> **INSTRUCTIONS TO FOLLOW**
Print out the data exactly, keeping every image out of it.

> **INFORMATION SUPPLIED**
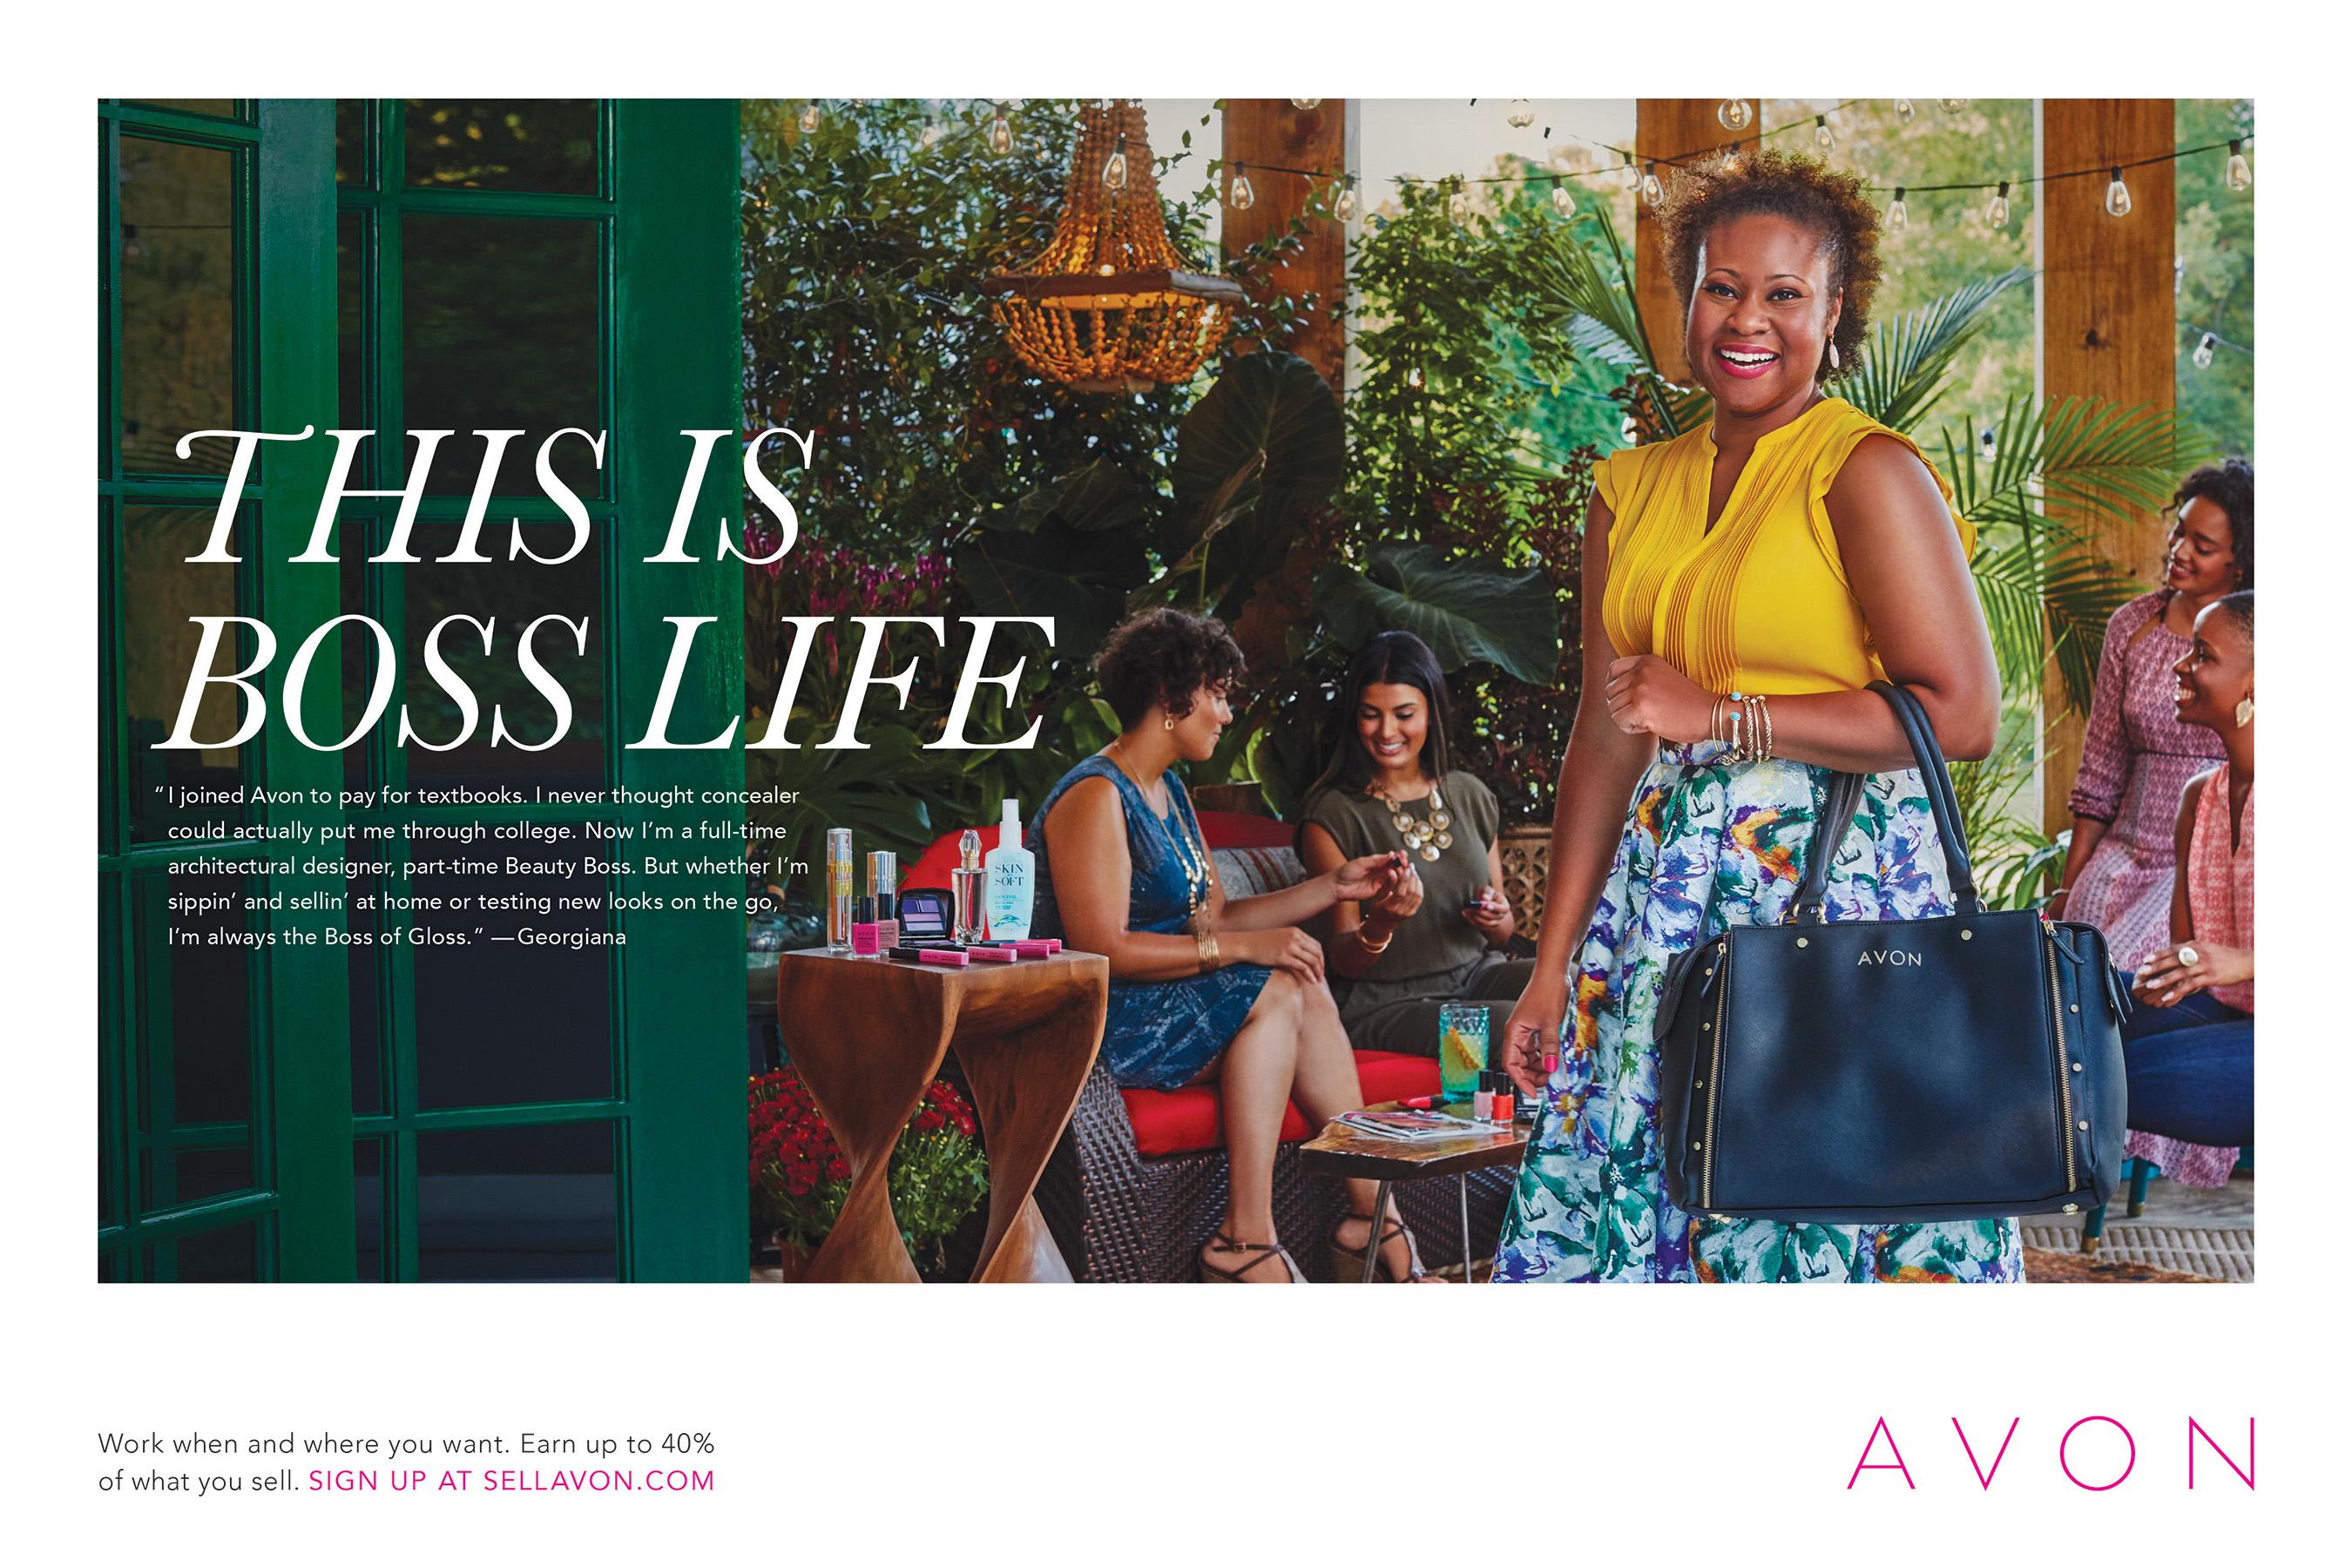 this-is-boss-life-print-advertising-featuring-avon-representative-georgiana
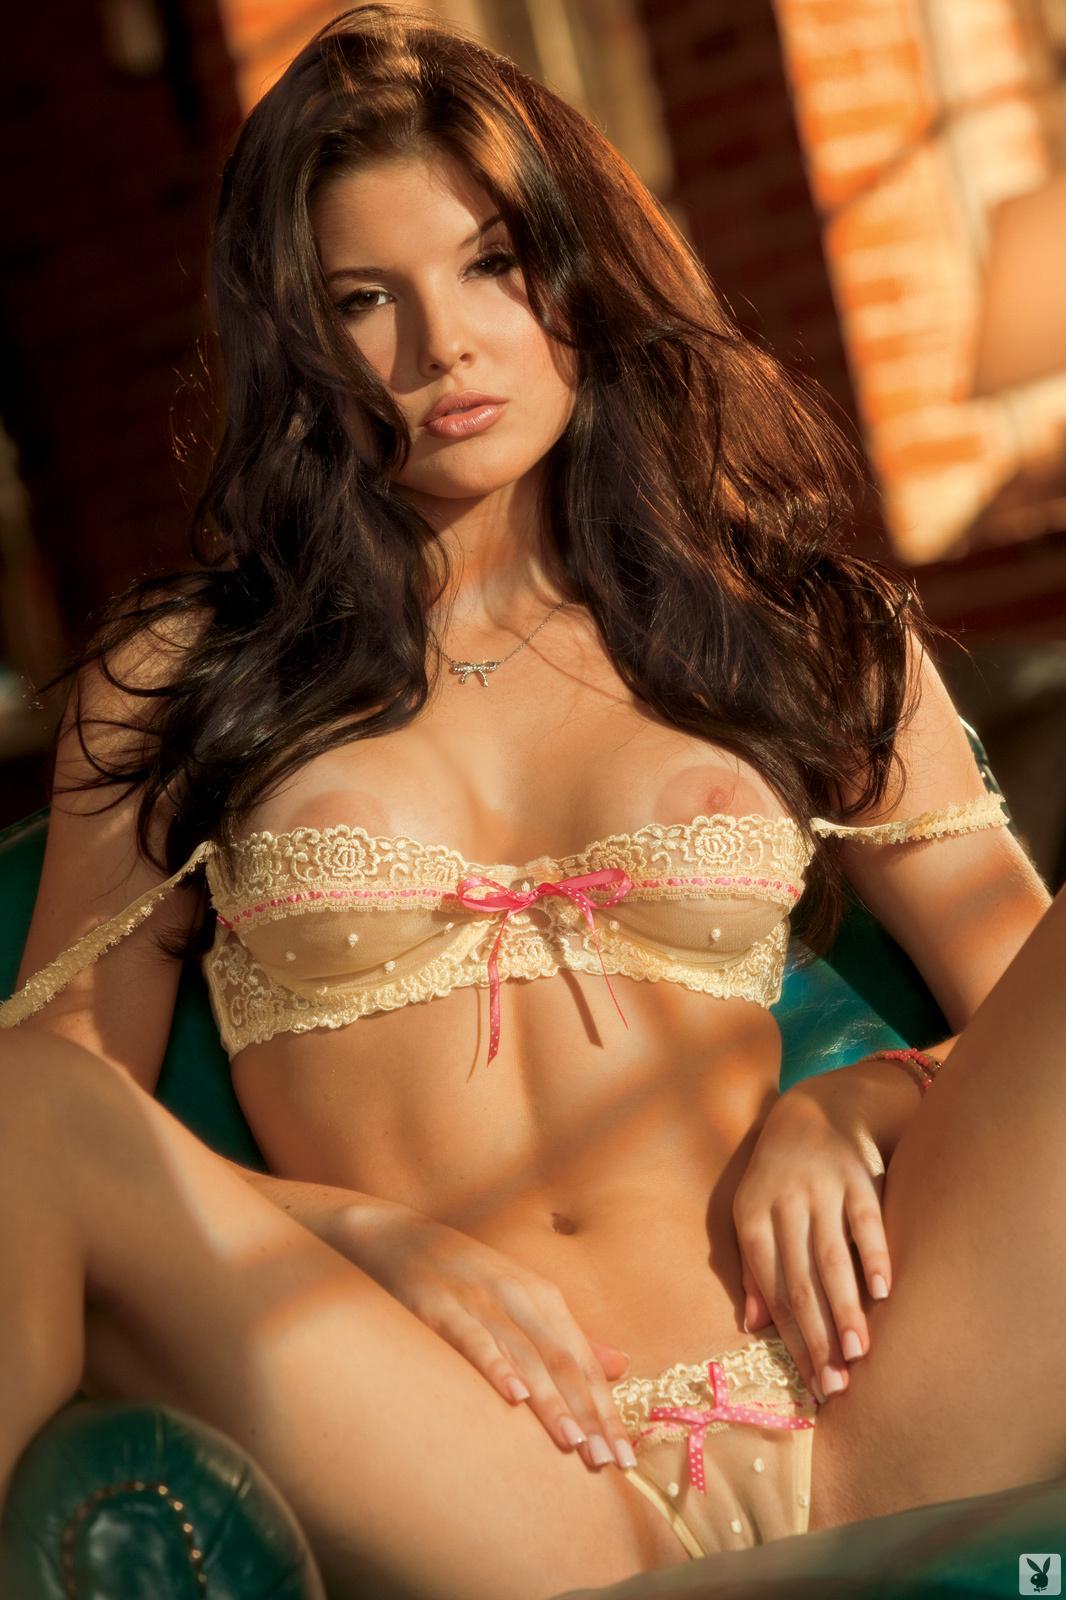 Cerny nude pic amanda Amanda Cerny
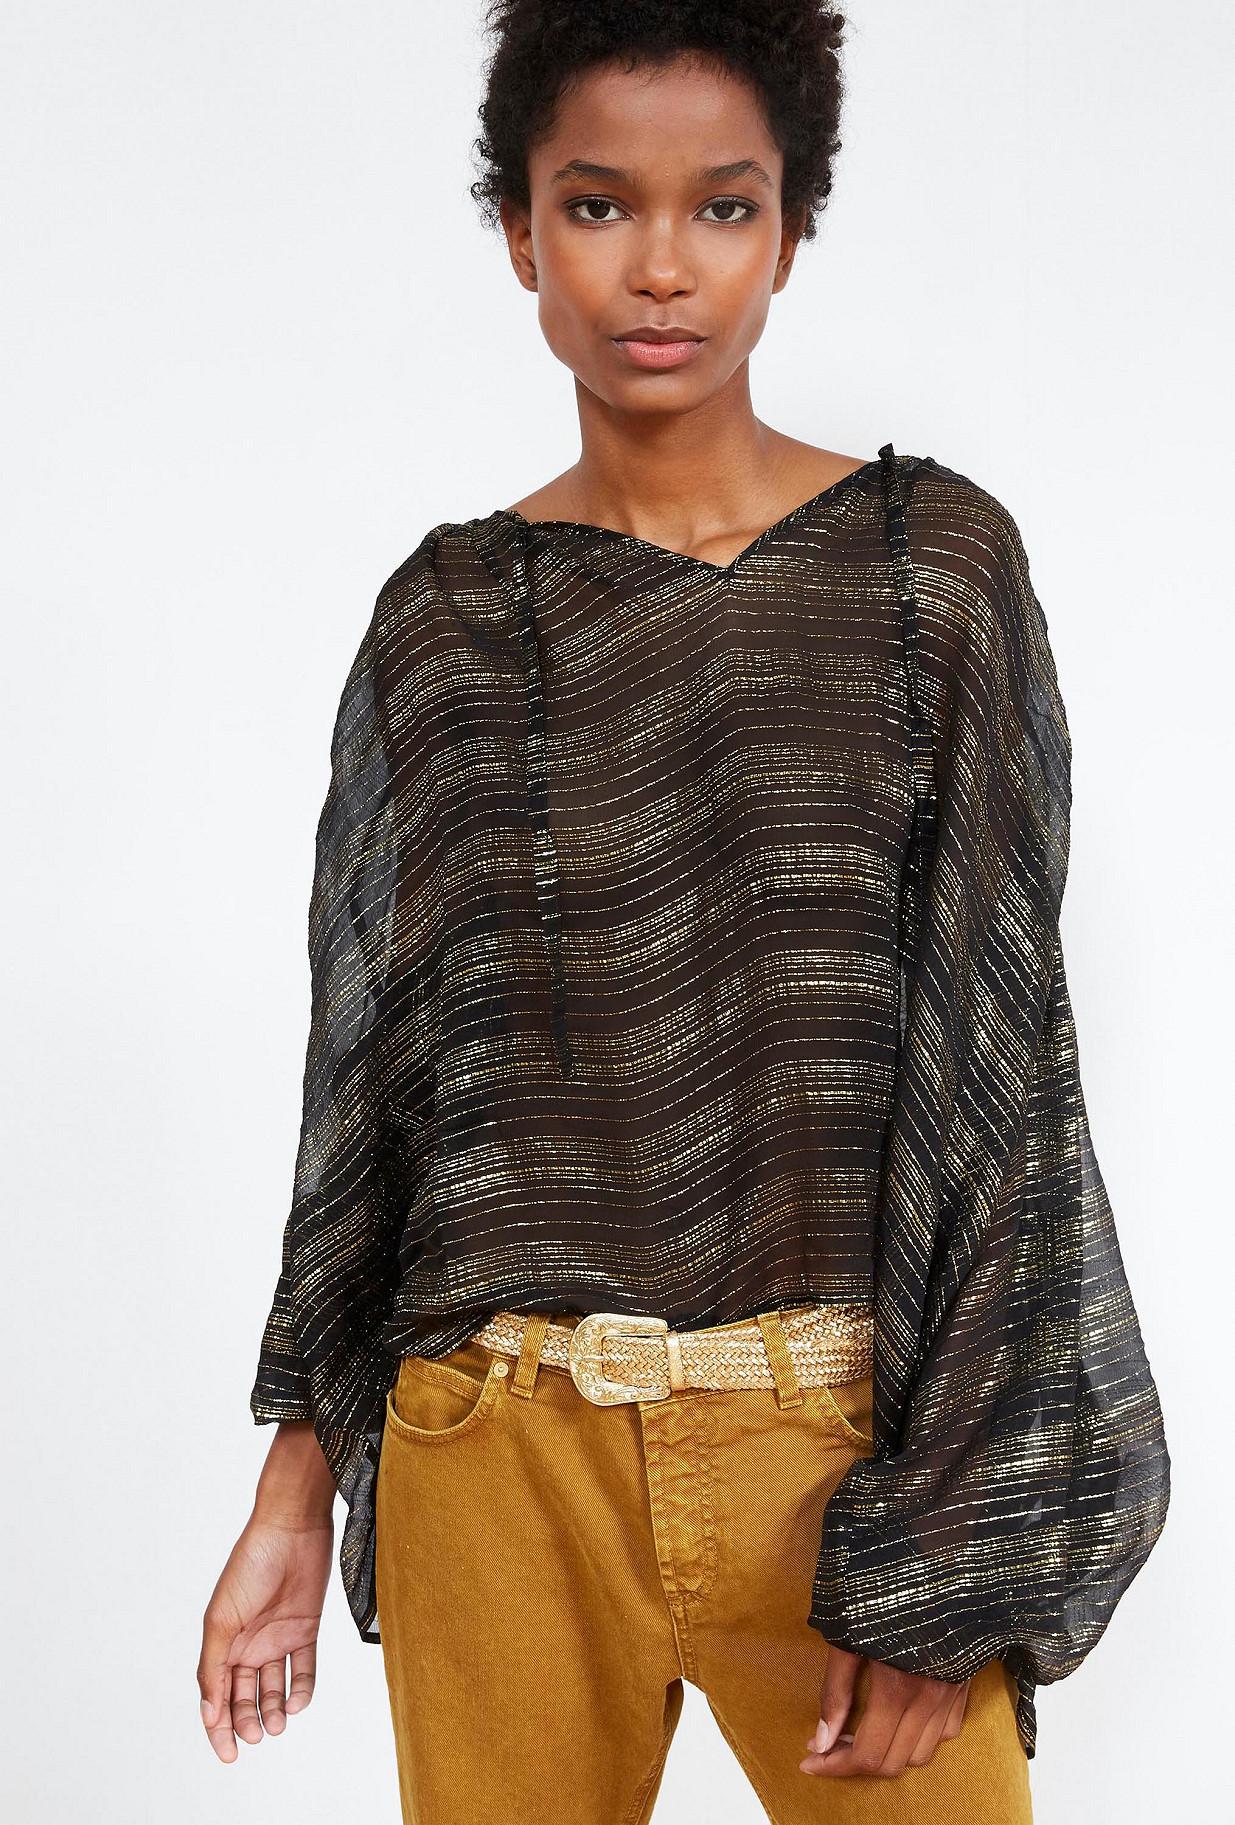 clothes store ACCESSORIES  Atoum french designer fashion Paris

> **ANSWER FOR THIS EXERCISE**
 this-is-boss-life-print-advertising-featuring-avon-representative-georgiana
 Cerny nude pic amanda Amanda Cerny
 clothes store ACCESSORIES  Atoum french designer fashion Paris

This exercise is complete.